Emerging growth company ☐
If an emerging growth company, indicate by check mark if the registrant has elected not to use the extended transition period for complying with any new or revised financial accounting standards provided pursuant to Section 13(a) of the Exchange Act.
Item 1.01. Entry into a Material Definitive Agreement.

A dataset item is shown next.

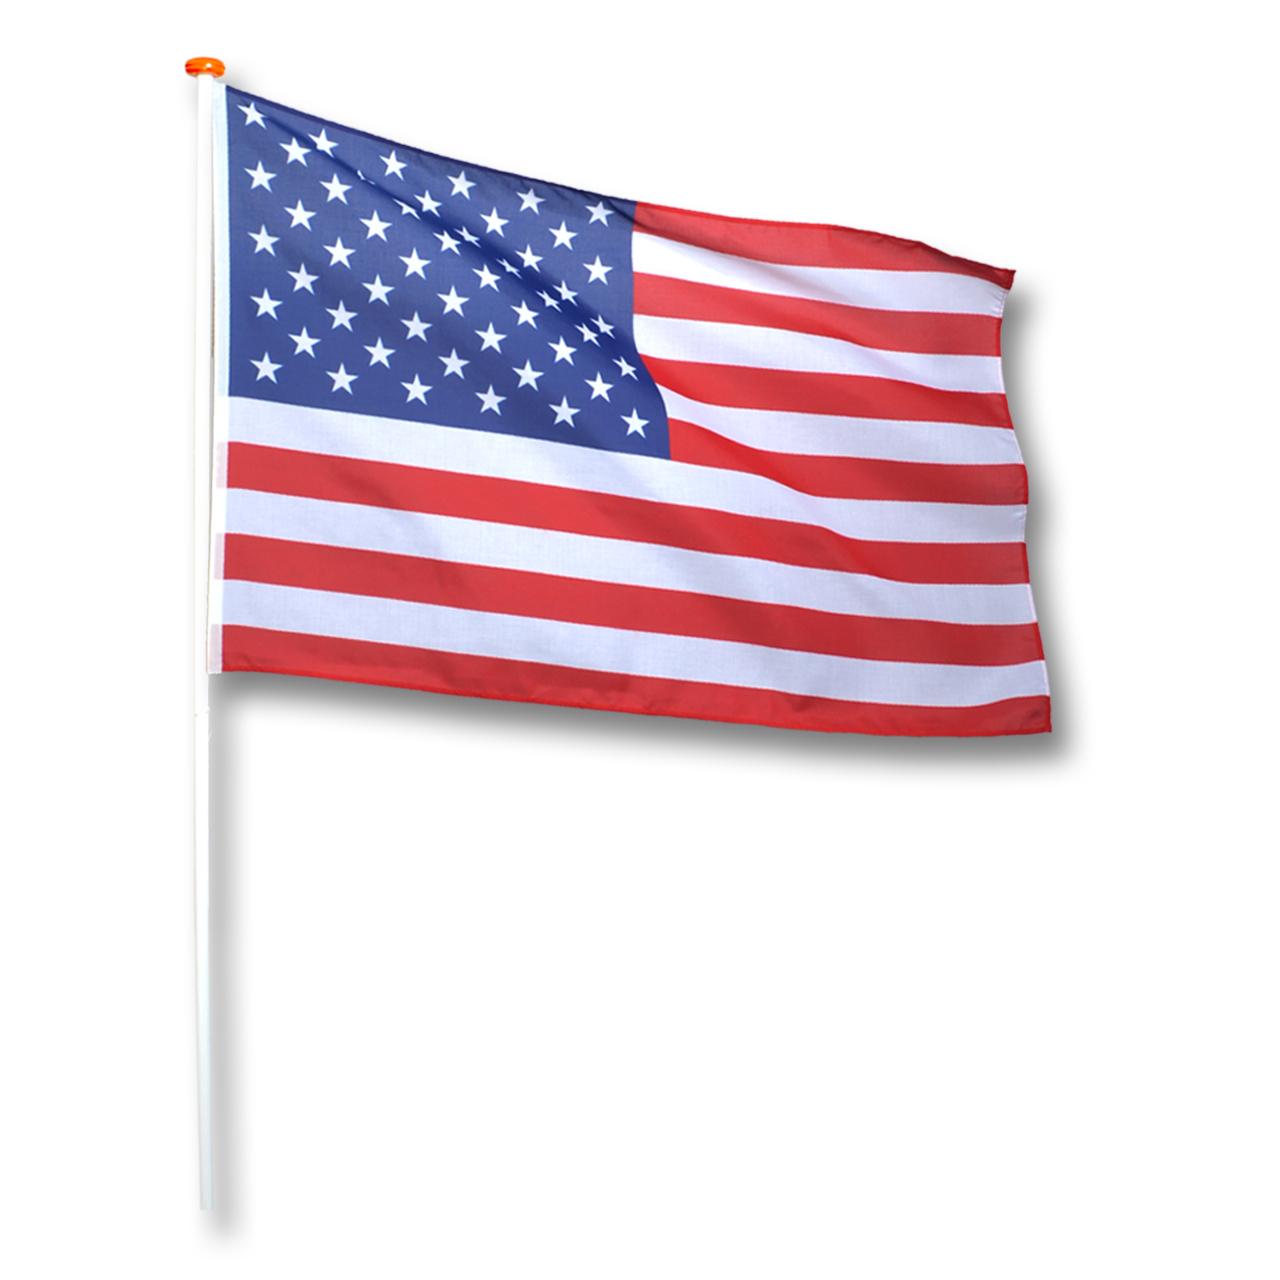 Vlag Amerika (Verenigde Staten van Amerika)

On June 11, 2024, BMW FS Securities LLC (“BMW LLC”) and BMW Financial Services NA, LLC (“BMW FS”) entered into an Underwriting Agreement with J.P. Morgan Securities LLC, on behalf of itself and as a representative of the several underwriters named therein, for the sale of certain notes of BMW Vehicle Owner Trust 2024-A, a Delaware statutory (the “Trust”), in the following classes and in the following amounts: (i) Class A-1 Asset-Backed Notes in the aggregate original principal amount of $363,000,000; (ii) Class A-2a Asset-Backed Notes in the aggregate original principal amount of $320,500,000; (iii) Class A-2b Asset-Backed Notes in the aggregate principal amount of $320,500,000; (iv) Class A-3 Asset-Backed Notes in the aggregate original principal amount of $641,000,000 and (v) Class A-4 Asset-Backed Notes in the aggregate original principal amount of $105,000,000 (collectively, the “Notes”). The Notes will be issued on or about June 11, 2024 (the “Closing Date”). Attached as Exhibit 1.1 is the Underwriting Agreement.
Item 8.01 Other Events.
On the Closing Date, (a) BMW FS, as seller, and BMW LLC, as purchaser, will enter into a Receivables Purchase Agreement, to be dated as of the Closing Date (the “FS Receivables Purchase Agreement”), pursuant to which BMW FS will transfer certain motor vehicle retail installment sales contracts (the “Receivables”) to BMW LLC; (b) BMW Bank of North America, as seller, and BMW LLC, as purchaser, will enter into a Receivables Purchase Agreement, to be dated as of the Closing Date (the “Bank Receivables Purchase Agreement”), pursuant to which BMW Bank of North America will transfer certain Receivables to BMW LLC; (c) BMW LLC, as seller, BMW FS, as servicer (in such capacity, the “Servicer”), sponsor, administrator (in such capacity, the “Administrator”) and custodian, the Trust, as issuer, U.S. Bank Trust Company, National Association, as indenture trustee (the “Indenture Trustee”), and U.S. Bank National Association, as securities intermediary, will enter into a Sale and Servicing Agreement, to be dated as of the Closing Date (the “Sale and Servicing Agreement”), pursuant to which BMW LLC will transfer the Receivables to the Trust and the Receivables will be serviced by the Servicer; (d) BMW LLC and Wilmington Trust, National Association, as owner trustee (the “Owner Trustee”), will enter into an amended and restated agreement of the Trust, to be dated as of the Closing Date (the “Amended and Restated Trust Agreement”); (e) the Trust, as issuer, BMW FS, as Servicer, and Clayton Fixed Income Services LLC, as asset representations reviewer (the “Asset Representations Reviewer”), will enter into an Asset Representations Review Agreement, to be dated as of the Closing Date (the “Asset Representations Review Agreement”), relating to the review of certain representations relating to the Receivables; (f) the Trust, as issuer, and the Indenture Trustee will enter into an Indenture, to be dated as of the Closing Date (the “Indenture”), pursuant to which the Trust will issue the Notes; and (g) BMW FS, as Administrator, the Trust and the Indenture Trustee will enter into an Owner Trust Administration Agreement, to be dated as of the Closing Date (the “Owner Trust Administration Agreement”), relating to the provision by the Administrator of certain services for the Trust.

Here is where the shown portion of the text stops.